Now, seventeen years later, director Roar Uthaug brings the character back with Alicia Vikander, helming a drastically different adaptation. Despite a tonal shift though, Tomb Raider offers a promising if not underwhelming start to this new Lara Croft series.

The film follows Lara Croft (Alicia Vikander) who, seven years after her father, Lord Richard Croft (Dominic West),  went missing, finds new evidence telling her where he may have gone. Determined to put an end to the mystery surrounding his disappearance, Lara travels to a mysterious island off the coast of Hong Kong in a bid to find out what happened to him. Upon arrival though, Lara discovers that something more sinister is going on, as she battles to prevent Mathias Vogel (Walton Goggins) and his mercenary group from retrieving an ancient power that threatens the world.

As far as its plot goes, Tomb Raider is bang average. Whilst there are some great character choices for Lara, and many moments faithfully adapted from the 2013 video game, there are a couple of story choices that are pretty disappointing. A lot of the time it feels like the film is just going through the motions in order to get Lara to become 'the 'tomb raider'. However, it's handled well enough so that the formality of her character development is by no means boring to watch; it's just lacking in surprise.

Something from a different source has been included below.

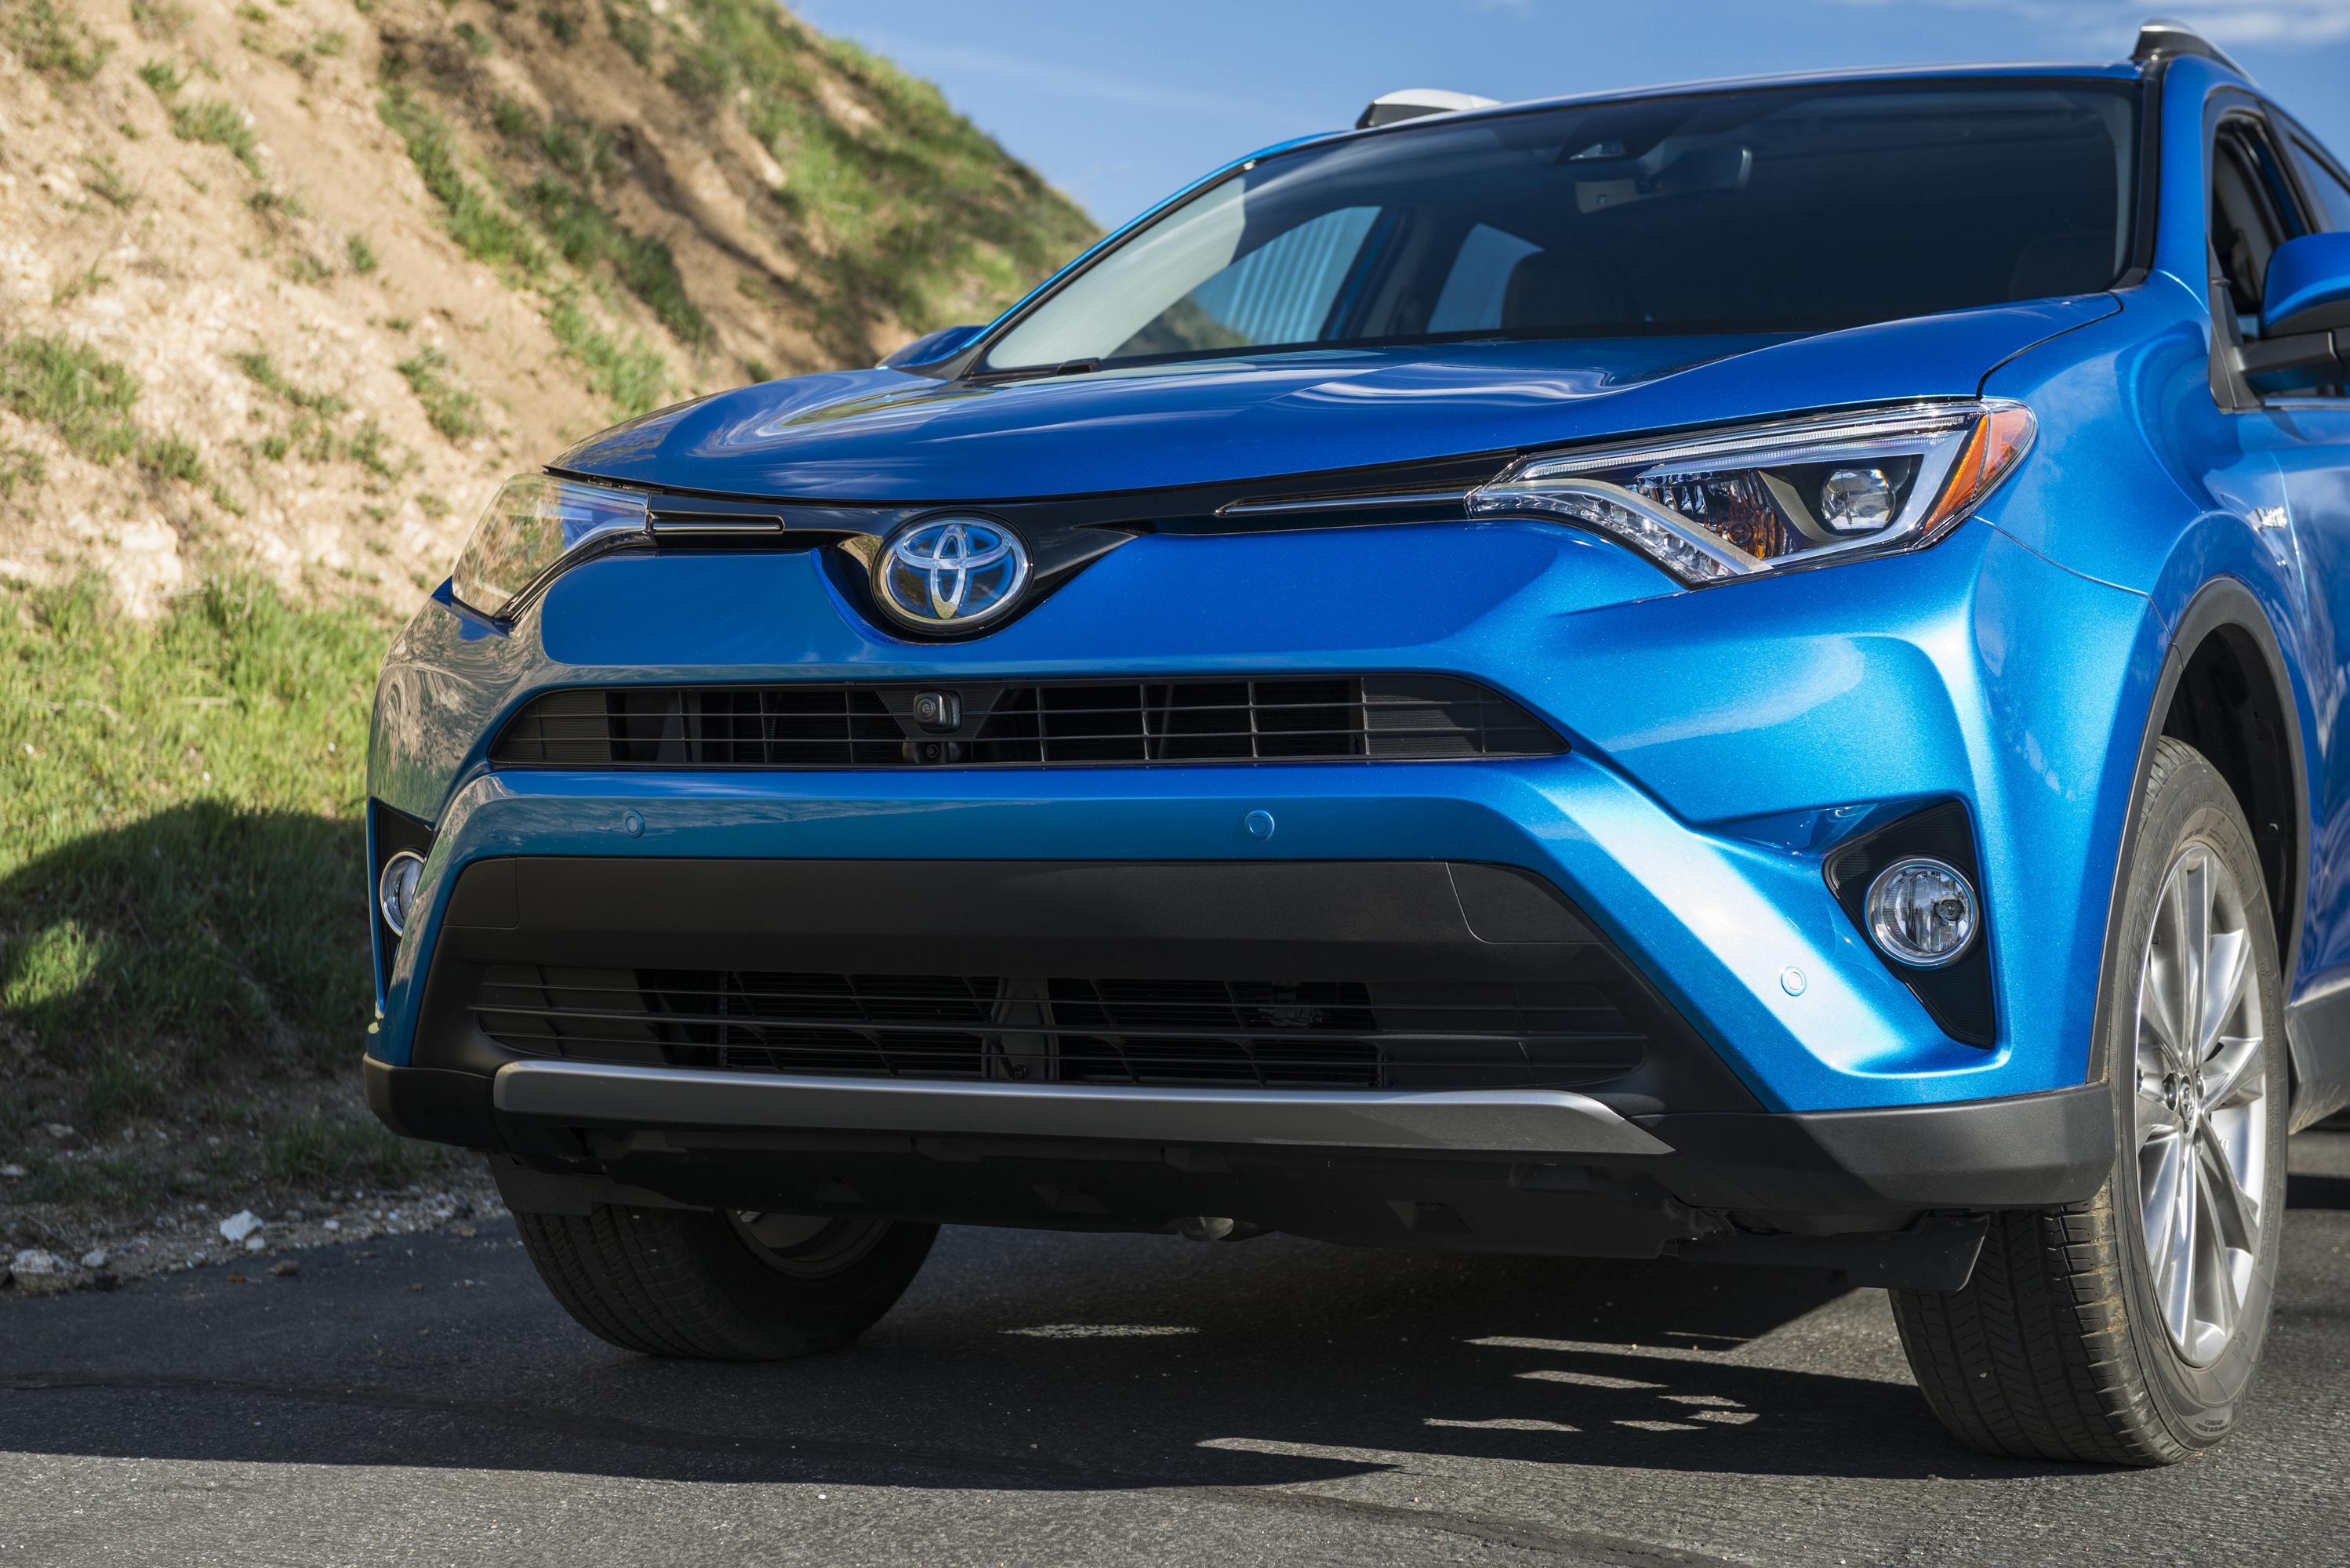 Nuova partnership tra WWF e Toyota

Alicia Vikander is by far the best thing about the movie with her completely different take on Lara being more in line with the newer games, and fitting to the grounded approach the film is going for. The role is certainly a physically demanding one, but the actress does an excellent job throughout and makes for a convincing action star. Good also is Walter Goggins as antagonist Mathias Vogel who, although underutilised somewhat, is a convincing, if not generic, villain, who has believable motivation.

As for Tomb Raider’s action, there are a number of exciting set pieces that are presented well enough to brush over the fact that they are pretty CGI-heavy. They are, however, not the most innovative, so not only do some scenes feel quite familiar but it’s also easy to predict how they will play out. The solid execution of these scenes though, particularly one stealth sequence, keeps the film entertaining.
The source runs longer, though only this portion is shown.